#### WHAT TO WORK ON:
Output the full listing below exactly; the images stay out.

#### DATA BELOW:
-=-=-

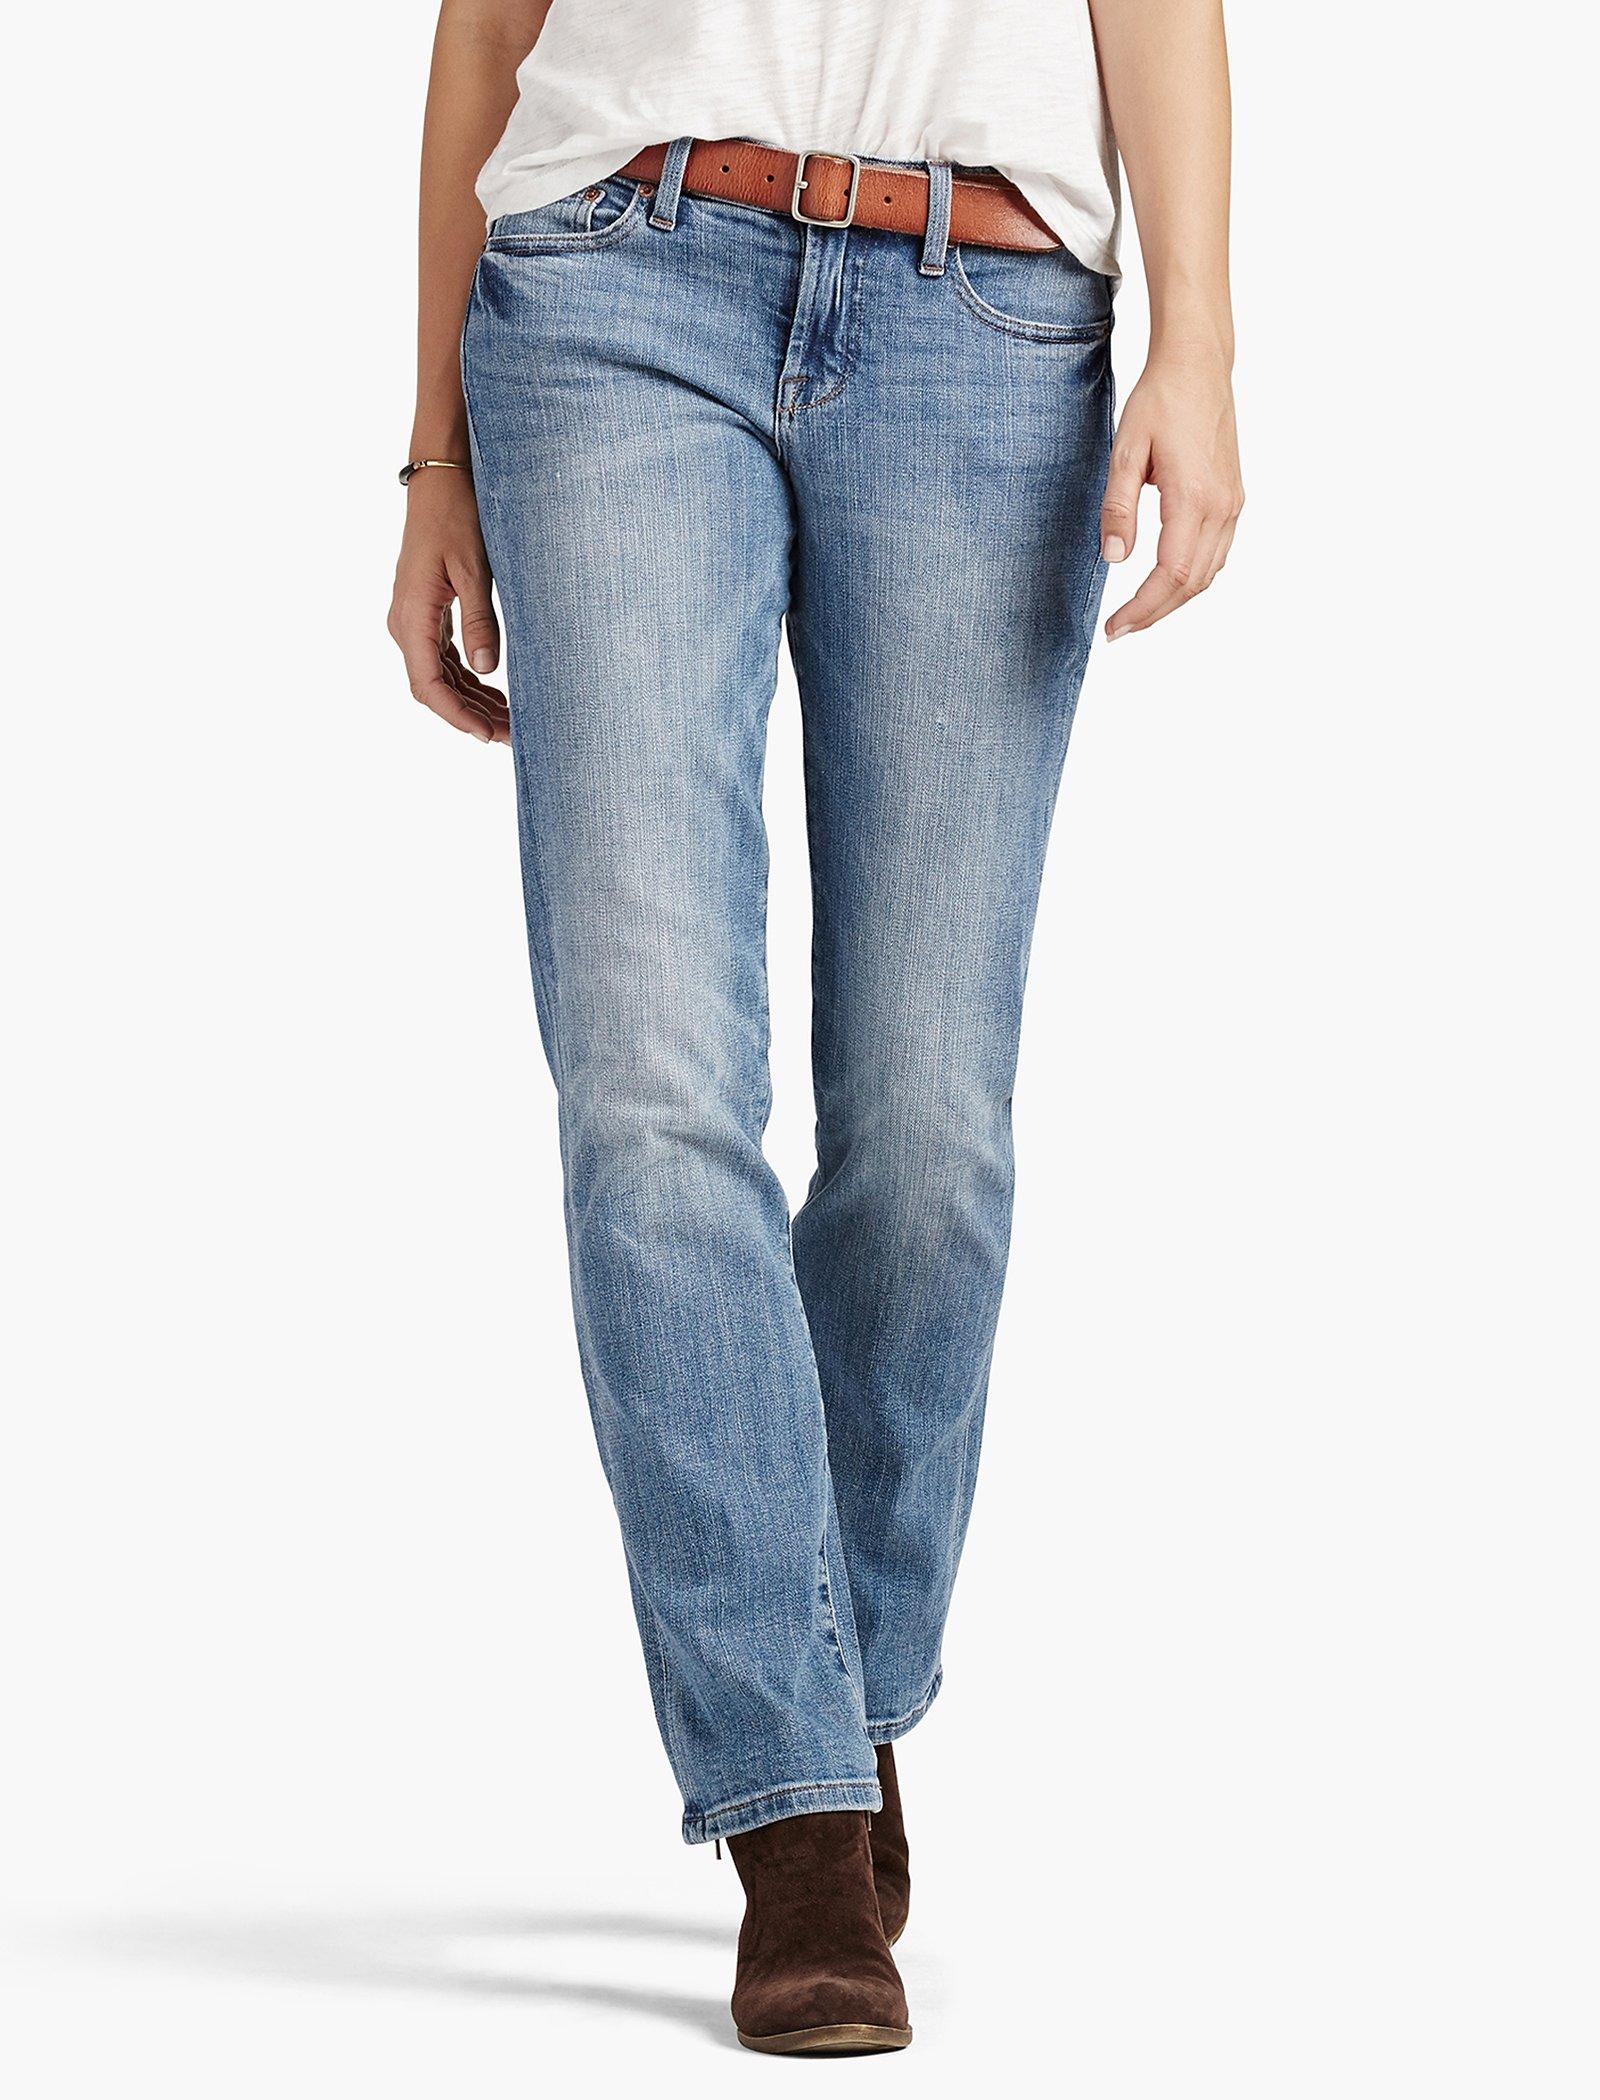 EASY RIDER RELAXED BOOTCUT JEAN IN DANVILLE | Lucky Brand
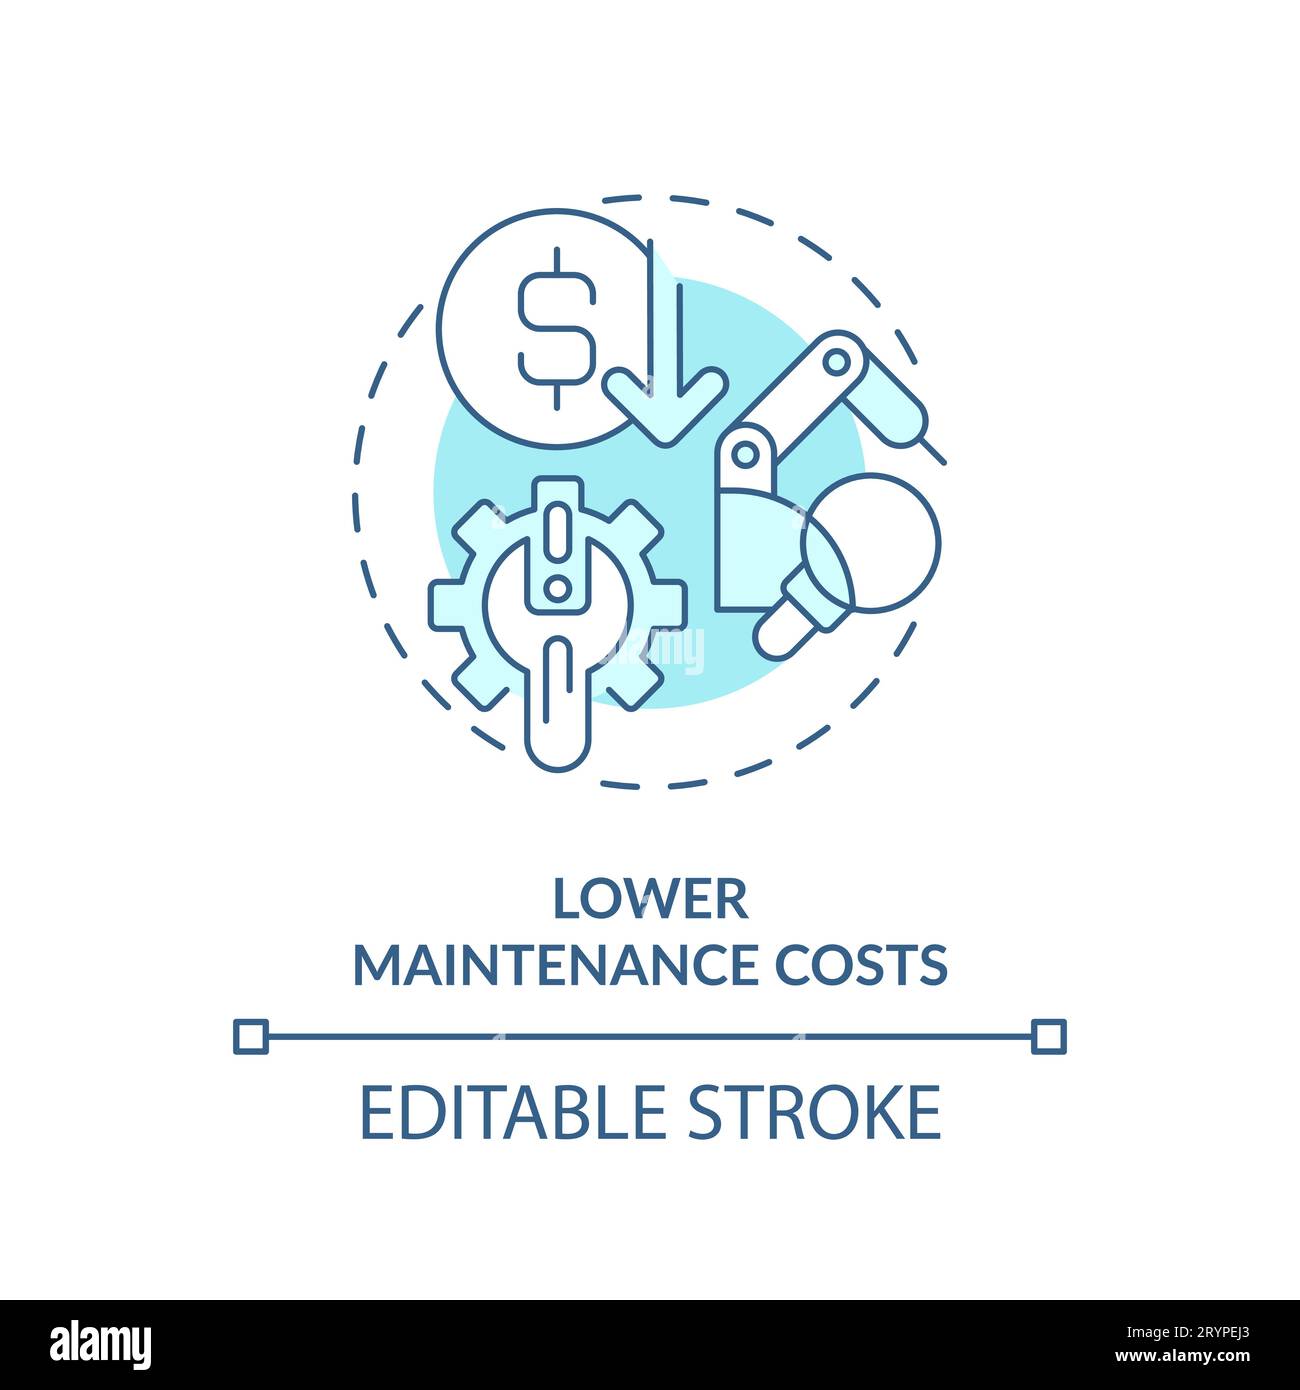 2D thin linear icon lower maintenance costs concept Stock Vector
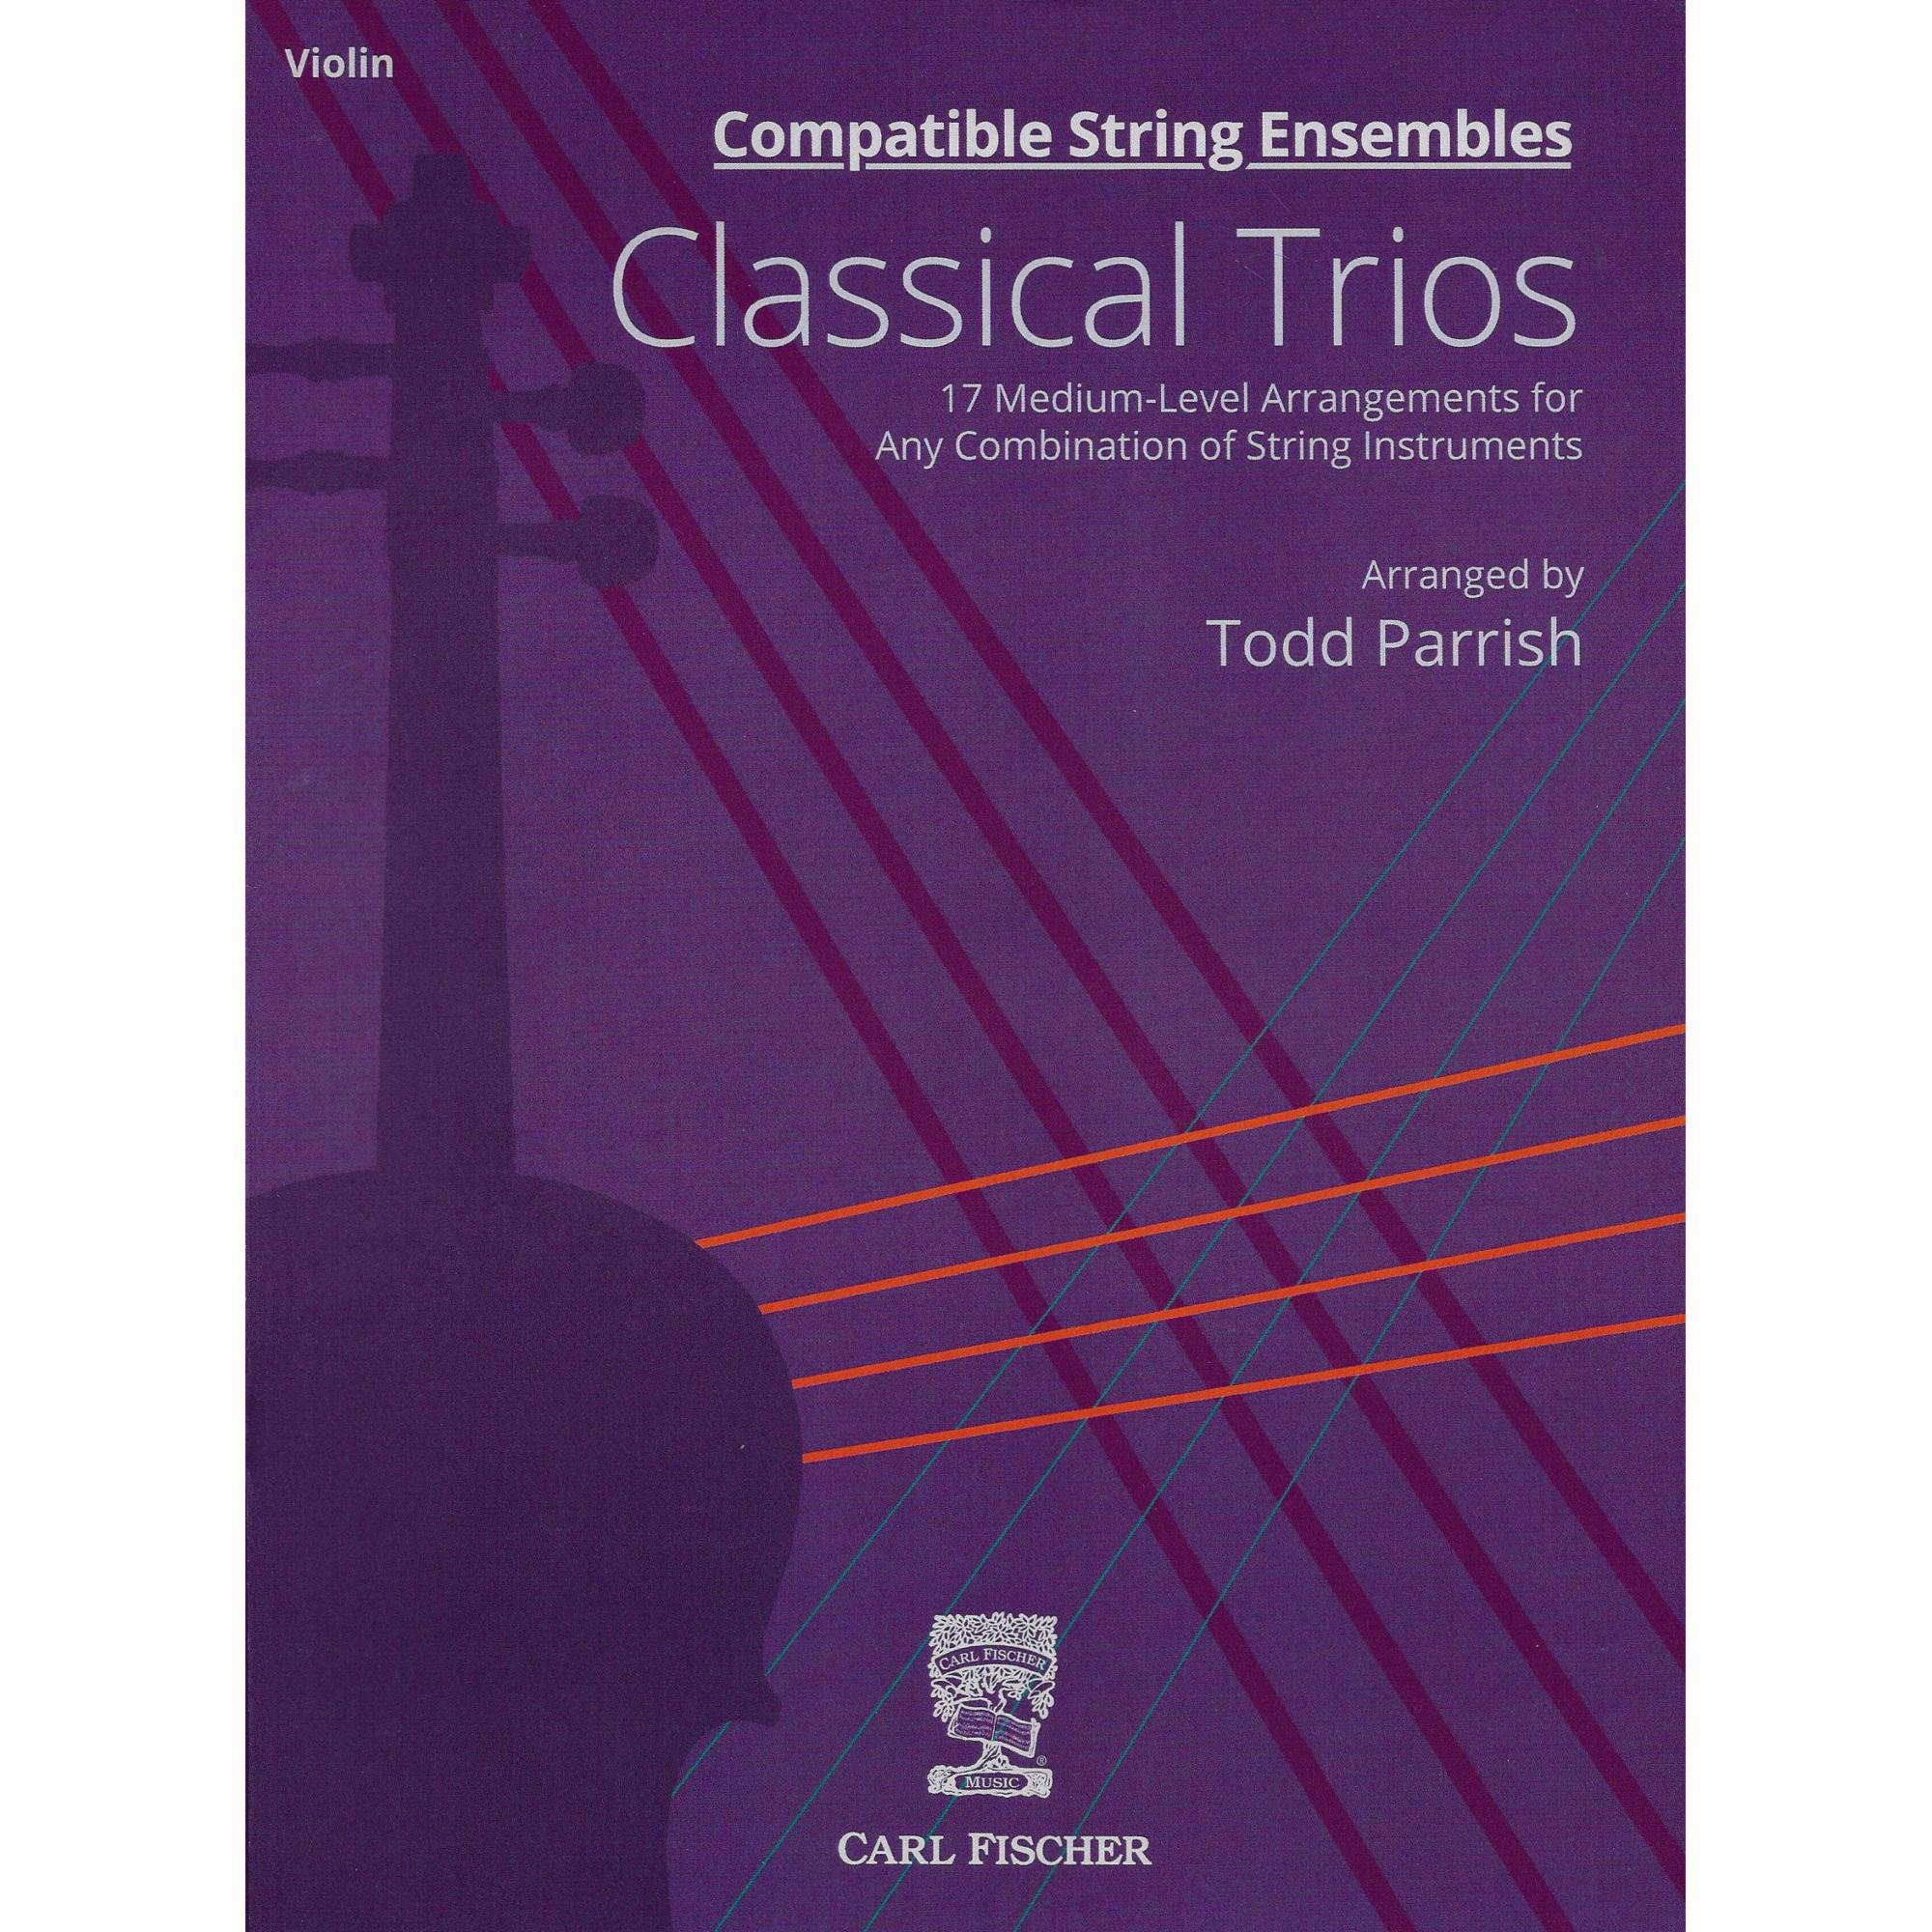 Classical Trios for Strings

-=-=-

#### EXPECTED ANSWER:
 EASY RIDER RELAXED BOOTCUT JEAN IN DANVILLE | Lucky Brand
 2D thin linear icon lower maintenance costs concept Stock Vector
 Classical Trios for Strings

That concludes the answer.